• **What the exercise asks**: Output, word for word, the line that contains "Vrf системы IGC" and all lines following it to the end of the listing. Drop the pictures.

*** Opening Provided data ***

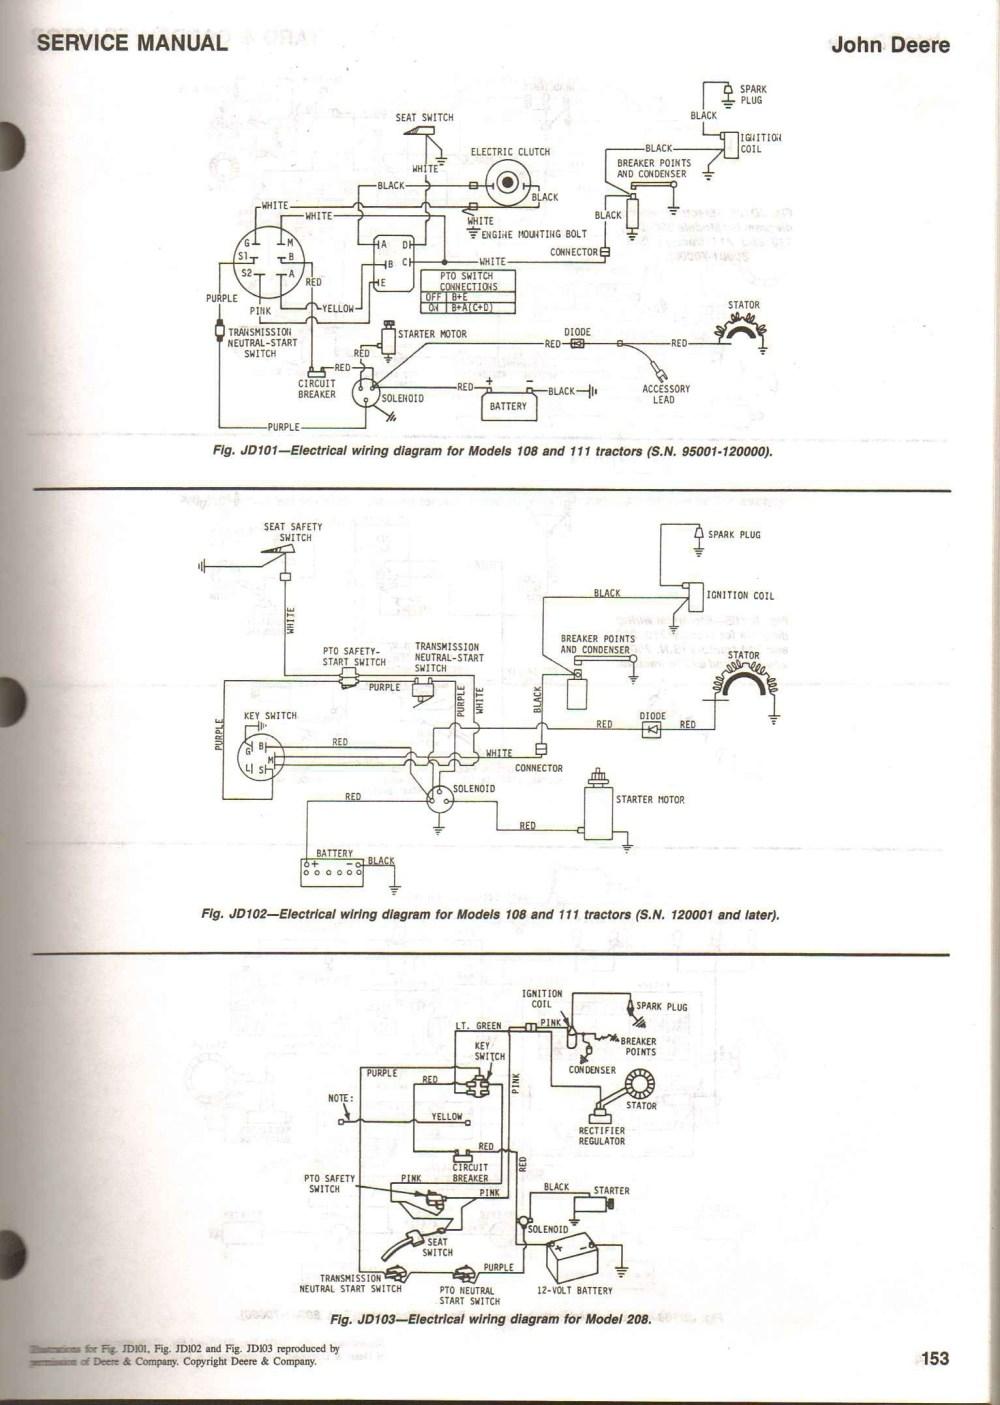 medium resolution of john deere gator 6x4 wiring diagram online wiring diagramjohn deere gator 6x4 wiring diagram free picture
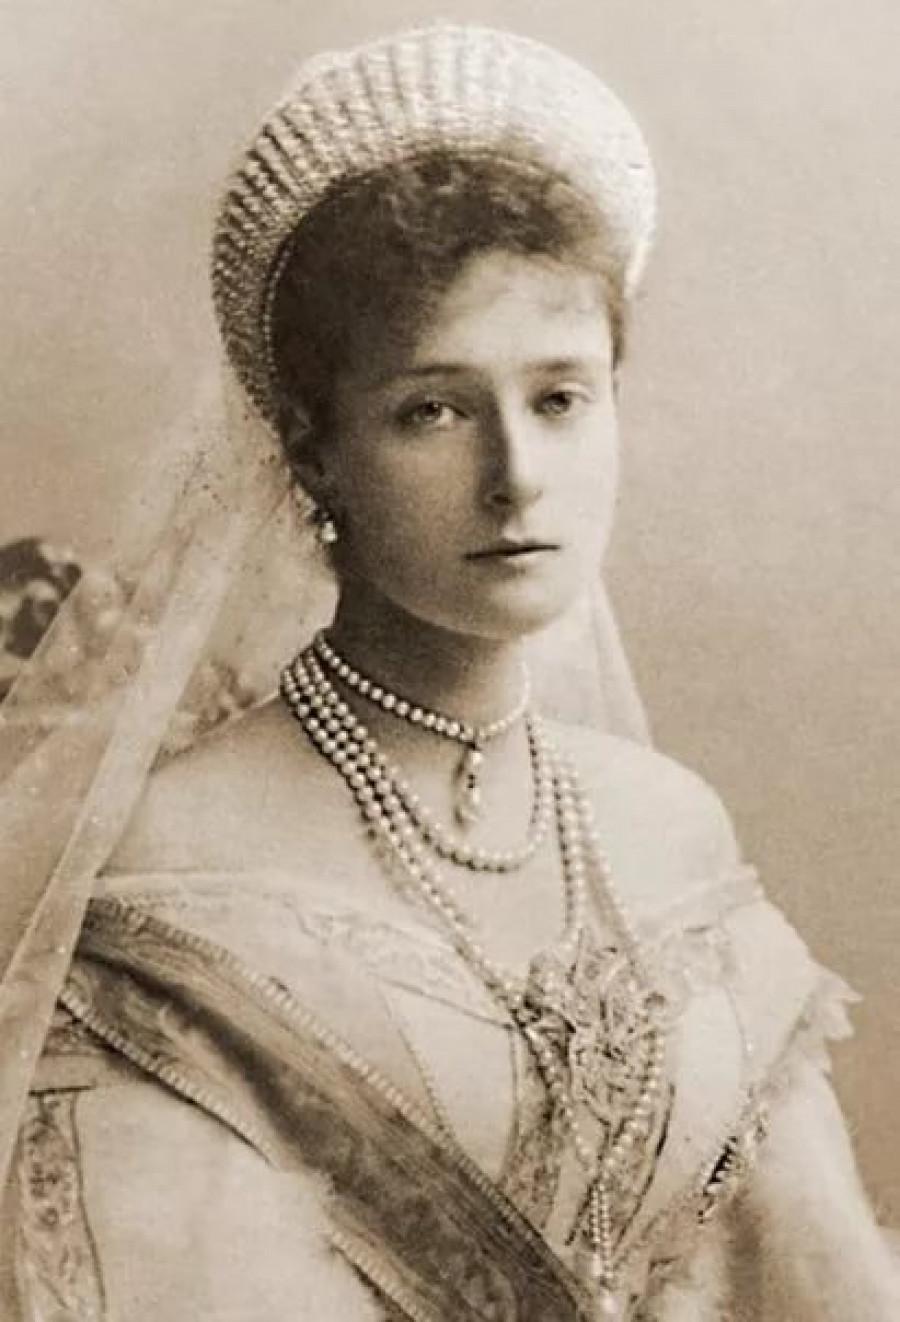 Александра Фёдоровна, урождённая принцесса Виктория Алиса Елена Луиза Беатриса Гессен-Дармштадтская.
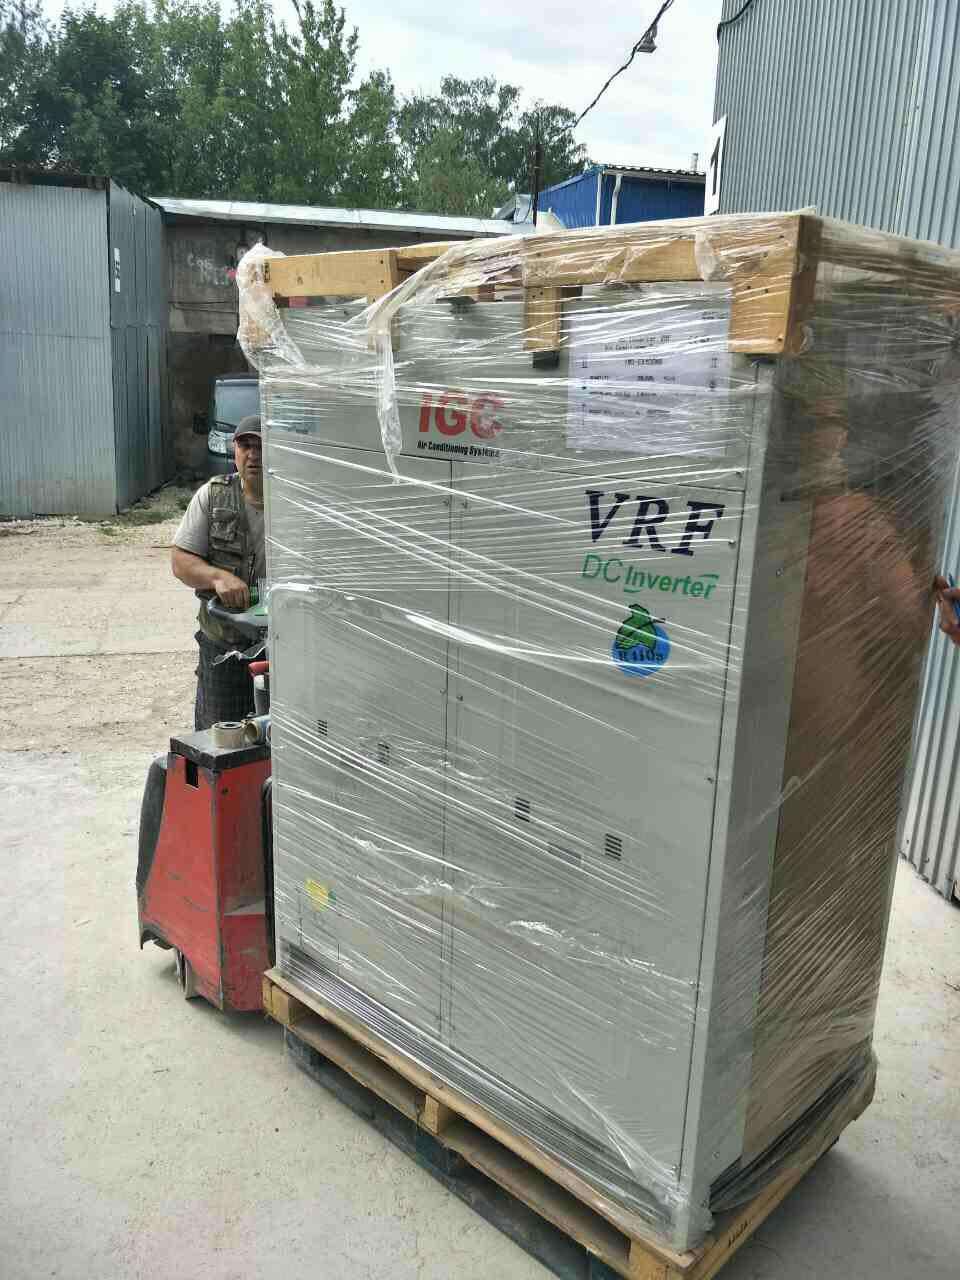 Vrf системы IGC
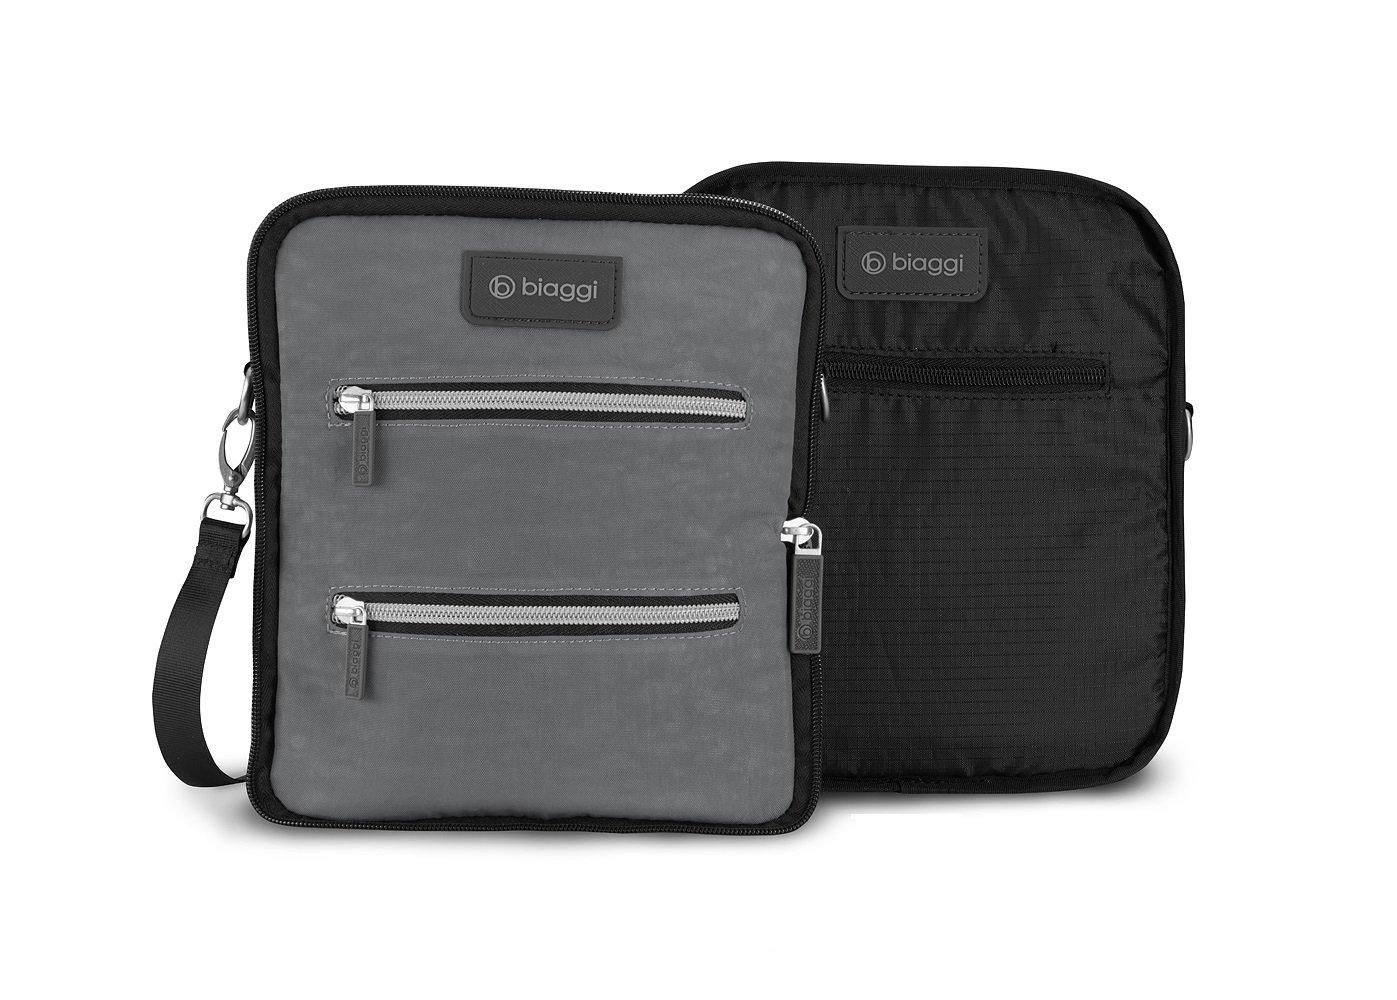 Biaggi Luggage Flippables Reversible Cross Body Bag by Biaggi Luggage

*** Closing Provided data ***

• **Answer**:
 Vrf системы IGC
 Biaggi Luggage Flippables Reversible Cross Body Bag by Biaggi Luggage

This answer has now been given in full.